Here is normal Pandoc Markdown text.
```{=rst} .. note:: This is a native reStructuredText directive! Pandoc will not parse or change this text. It goes straight to the rST output writer. ```
Back to normal Markdown text.
Table layouts were often broken, with text overlapping into adjacent fields. Unicode font fallback didn't work properly, with characters like "→" being silently dropped because they didn't exist in the main font. Having predictable control of page breaks, to avoid situations where header text didn't stick to the following paragraph and instead had header and paragraph text split over a page boundary, was pretty much impossible.
I ended up concluding that Markdown isn't a sufficiently powerful markup language for page-based documents, and went back to using Word in all its WYSIWYG delight.
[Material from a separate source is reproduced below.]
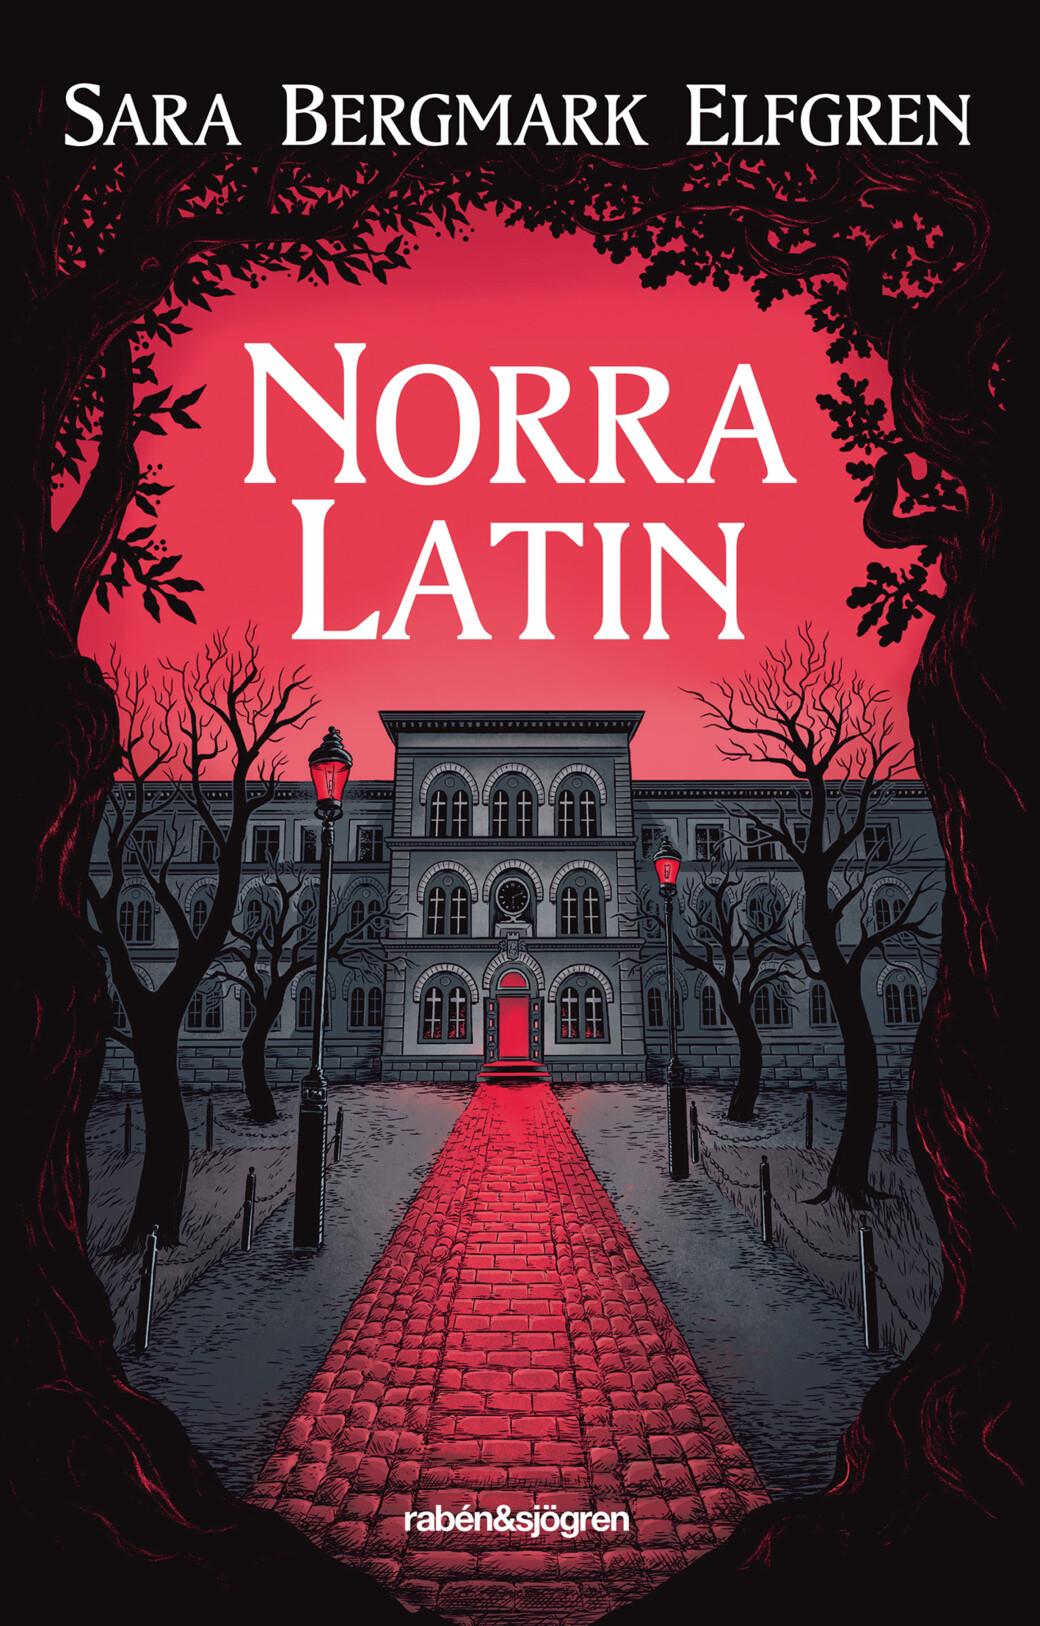 Norra Latin, Sara Bergmark Elfgren

That said, maybe there were ways of doing all of the above but I couldn't figure it out and found the whole process of wrestling with with both Markdown and LaTeX templates, and Pandoc configuration, unintuitive and annoying.
In fact, just had a friend with a traditionally published book who is now self-pubbing ask me yesterday about my tools. I recommended Pandoc and Typst. He (surprisingly to me) had never heard of Typst, but within the hour replied that (with the use of AI) he had a great-looking template for the book. (Try doing that with LaTeX).
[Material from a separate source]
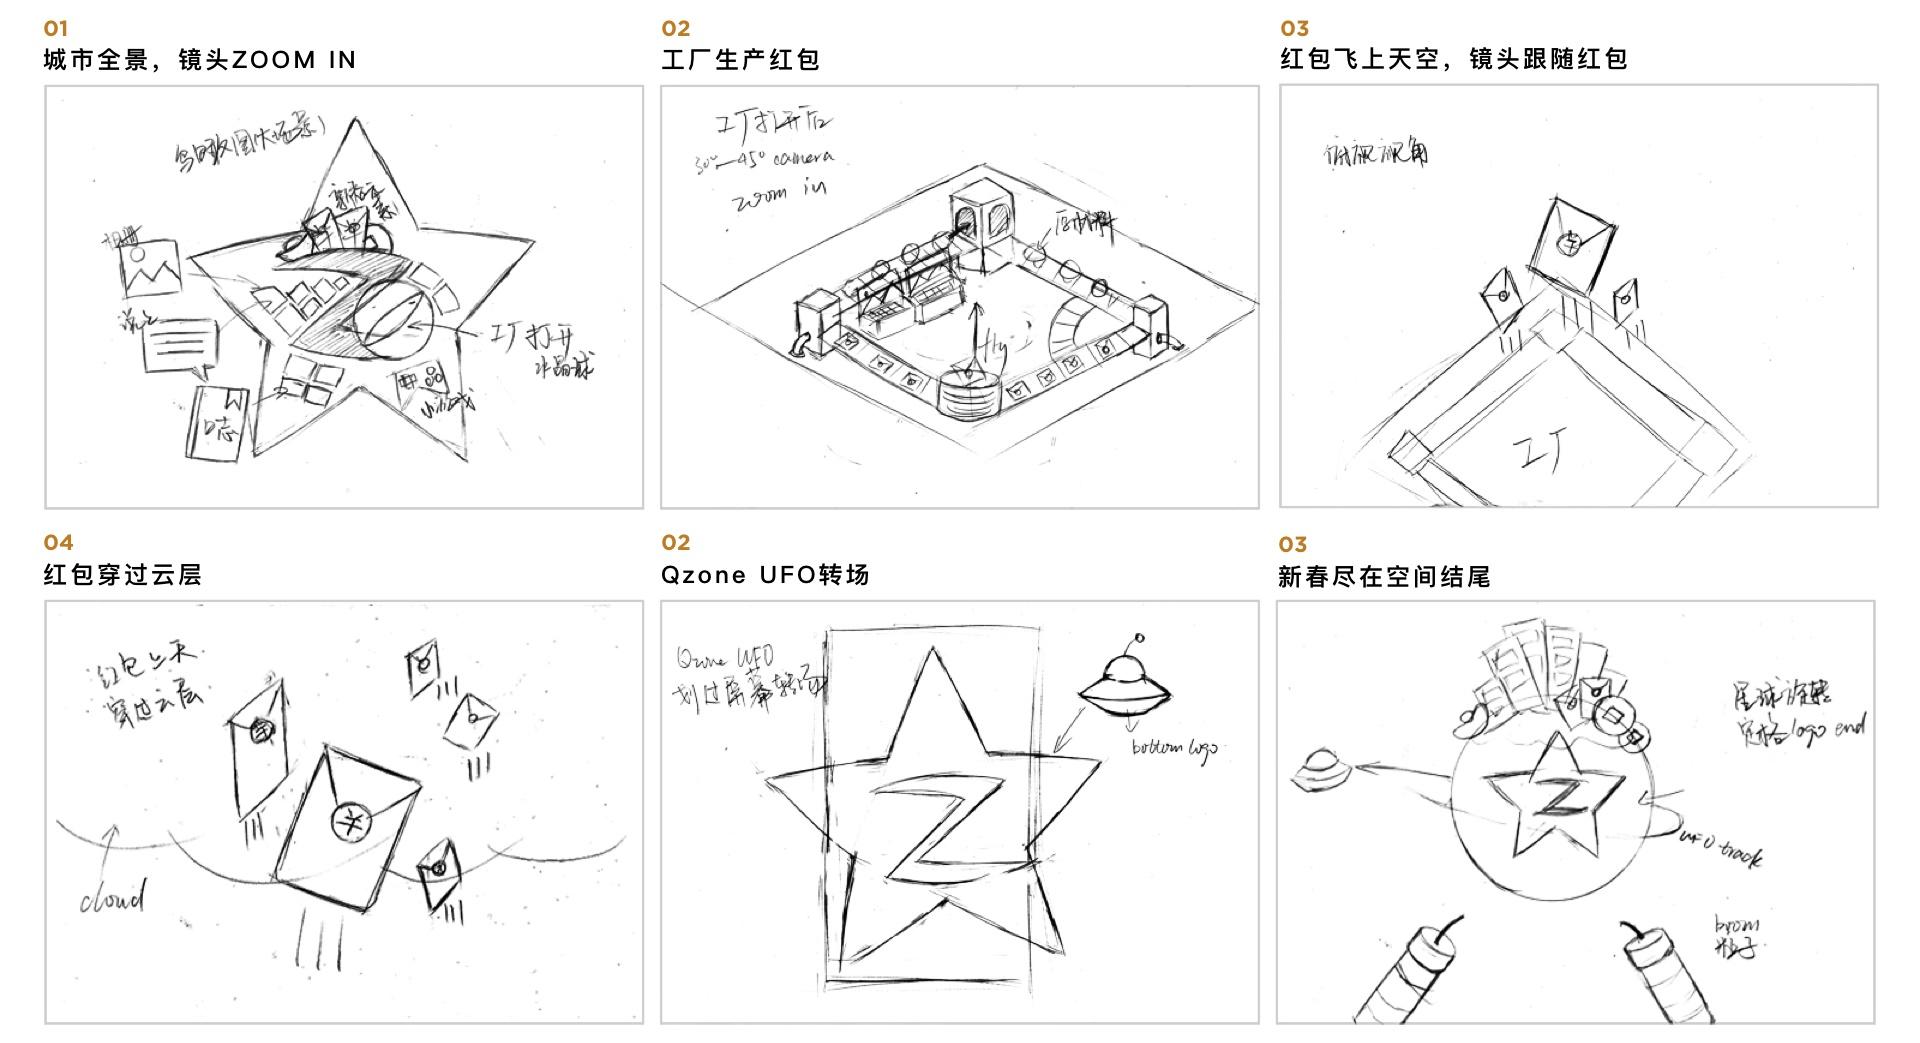 QQ 空间春节品牌视频是如何设计出来的?来看这份案例复盘!

I have some custom filters for index entries and code formatting.
https://quarto.org/docs/computations/python.html
https://quarto.org/docs/output-formats/typst.html
https://quarto.org/docs/books/book-output.html#typst-output
https://quarto.org/docs/output-formats/typst-custom.html#boo...
It is true one ends up familiarizing oneself with peculiarities of the typesetting engine. The LLMs are lately teaching me bits and pieces about typst and typst+pandoc which I'm using for a writing project. They all seem infallible about pandoc curiosa.
Tables I agree are a nightmare in any plain text representation whatsoever - except with editor support which alas Word makes easy.
https://stackoverflow.com/questions/1664049/can-i-force-a-pa...
Oh no, inspiration has arrived. Guess I know what I'm wasting my weekend into, hah.
Also this page seems to have existed for a while and I never heard of it! I'm glad I stumbled upon this. A lot of nice ideas here.
https://typst.app/docs/web-app/export-and-preview/
As for why people shill Typst over LaTeX, it's just a better overall experience. Things that are annoying in LaTeX are easy in Typst. I've written plenty of LaTeX for academic papers and my Master's dissertation, but I'm now writing my PhD thesis in Typst. It's so much better. The only barrier to using it everywhere is that my colleagues still prefer to use Overleaf for collaboration, which forces me to use LaTeX for papers.
I would be lost had I have to use the Office tools to edit and format my text.
So thank you to all the maintainers of Pandoc.
Embarrassingly, a horrible little script for converting Pandoc's Markdown endnotes to inline format remains my most-starred GitHub repo: https://github.com/ltrgoddard/inliner/
If you are using markdown, you already understand the conceptual basis for it, so you just need to understand how it's implemented over there.
I'm not arguing that it is something you should do, just rolling my eyes at "I would be lost".